# Mail order (gorilla) bride... err... groom



## David Baxter PhD (Aug 28, 2009)

Gorilla's gone wild
_Globe and Mail_
Friday, Aug. 28, 2009 

A group of female gorillas at the London Zoo got a look at their new male suitor before his arrival. But the picture proved more tasty than telling.

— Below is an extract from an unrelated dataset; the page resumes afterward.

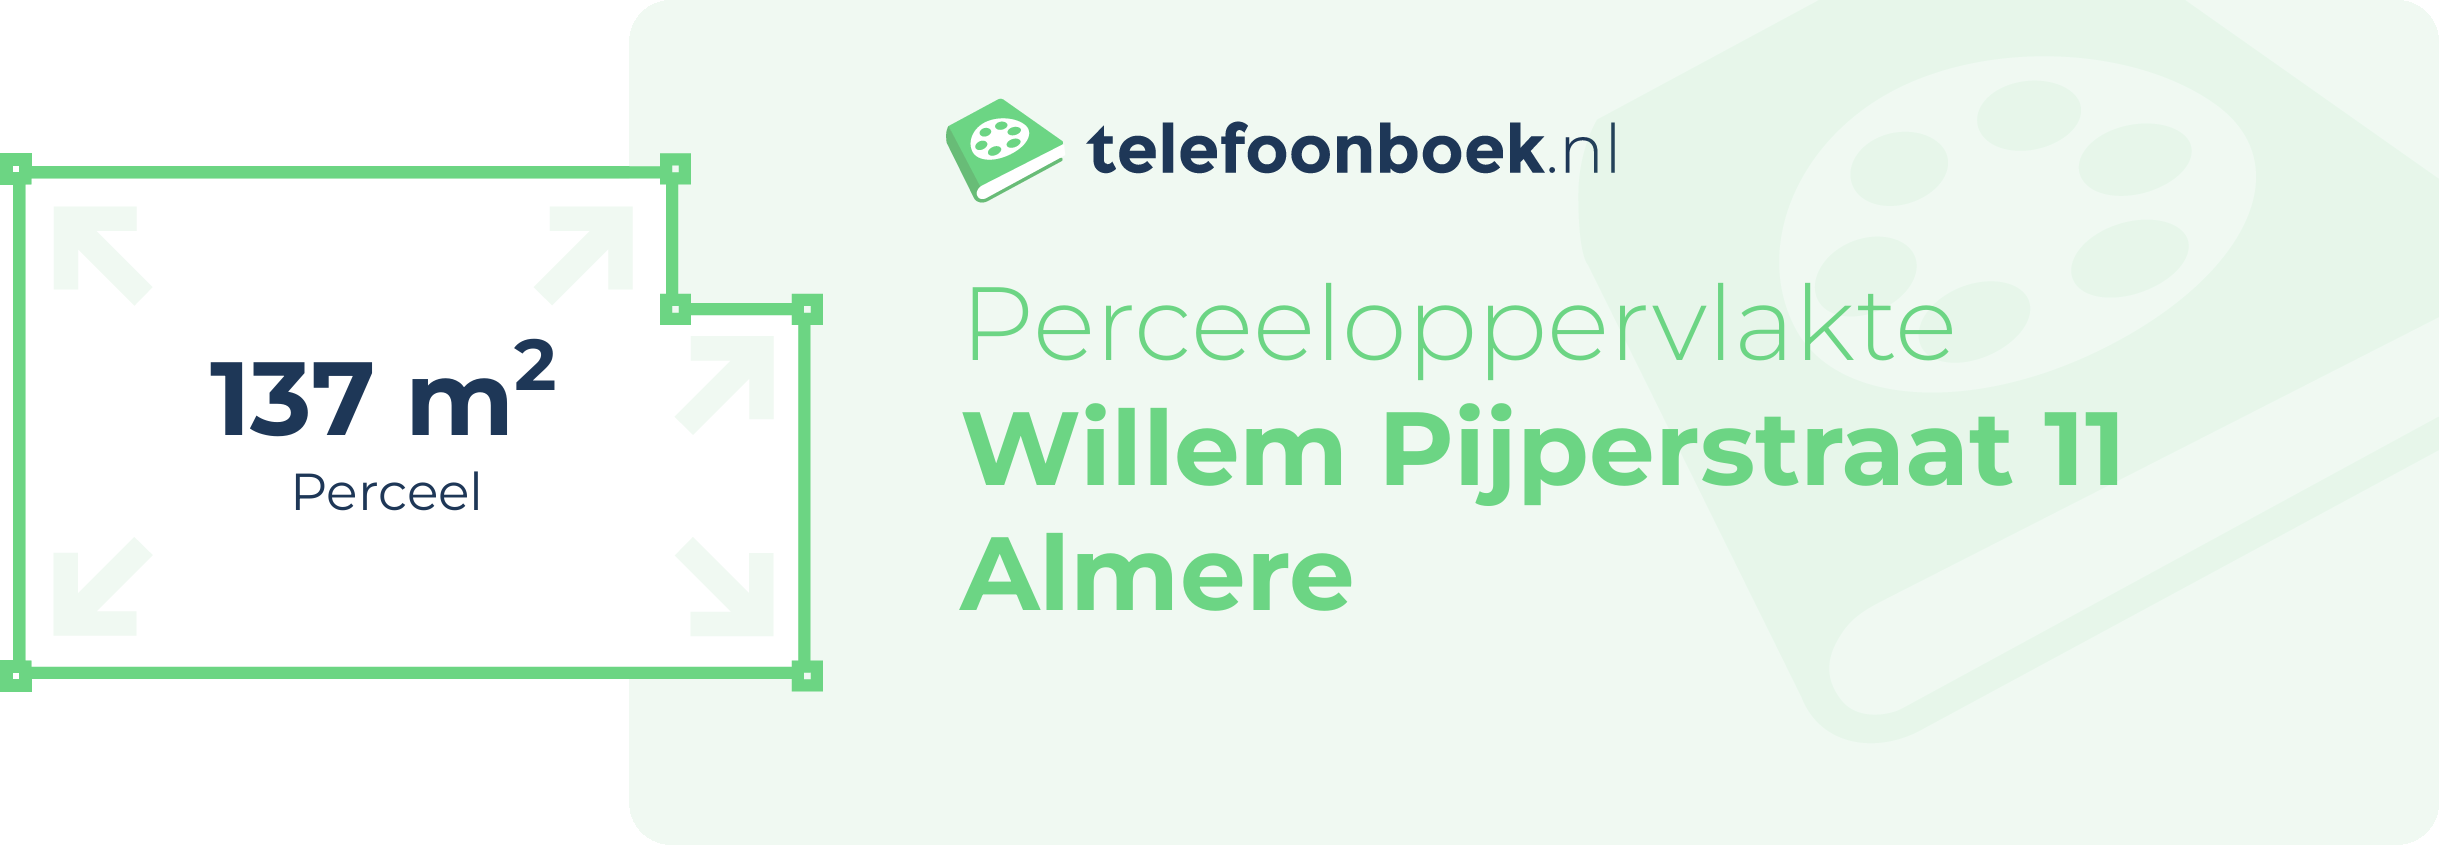 Perceeloppervlakte Willem Pijperstraat 11 Almere

Watch video: Gorilla's gone wild - The Globe and Mail


----------



## Fiver (Aug 28, 2009)

*sigh* 

This is why I'm so fearful of online dating. Gorillas would rip my pics apart.


----------



## Jazzey (Aug 28, 2009)

:lol:  Imagine what they're going to do to him when he gets in there - 3 of them and one of him....


----------



## why (Aug 29, 2009)

:lol::lol:


----------



## Into The Light (Aug 29, 2009)

it won't load for me :hissyfit:


----------



## Fiver (Aug 29, 2009)

Try it here instead:

YouTube - A group of female gorillas at the London Zoo got a look at ...


----------



## Into The Light (Aug 29, 2009)

thank you fiver!!

so what does eating a photograph of a potential mate mean? any gorilla psychologists in the room? :lol:


----------



## David Baxter PhD (Aug 29, 2009)

It means they think he's yummy?


----------



## Into The Light (Aug 29, 2009)

hmm. either that or they hate him and are out to destroy him? :lol:


----------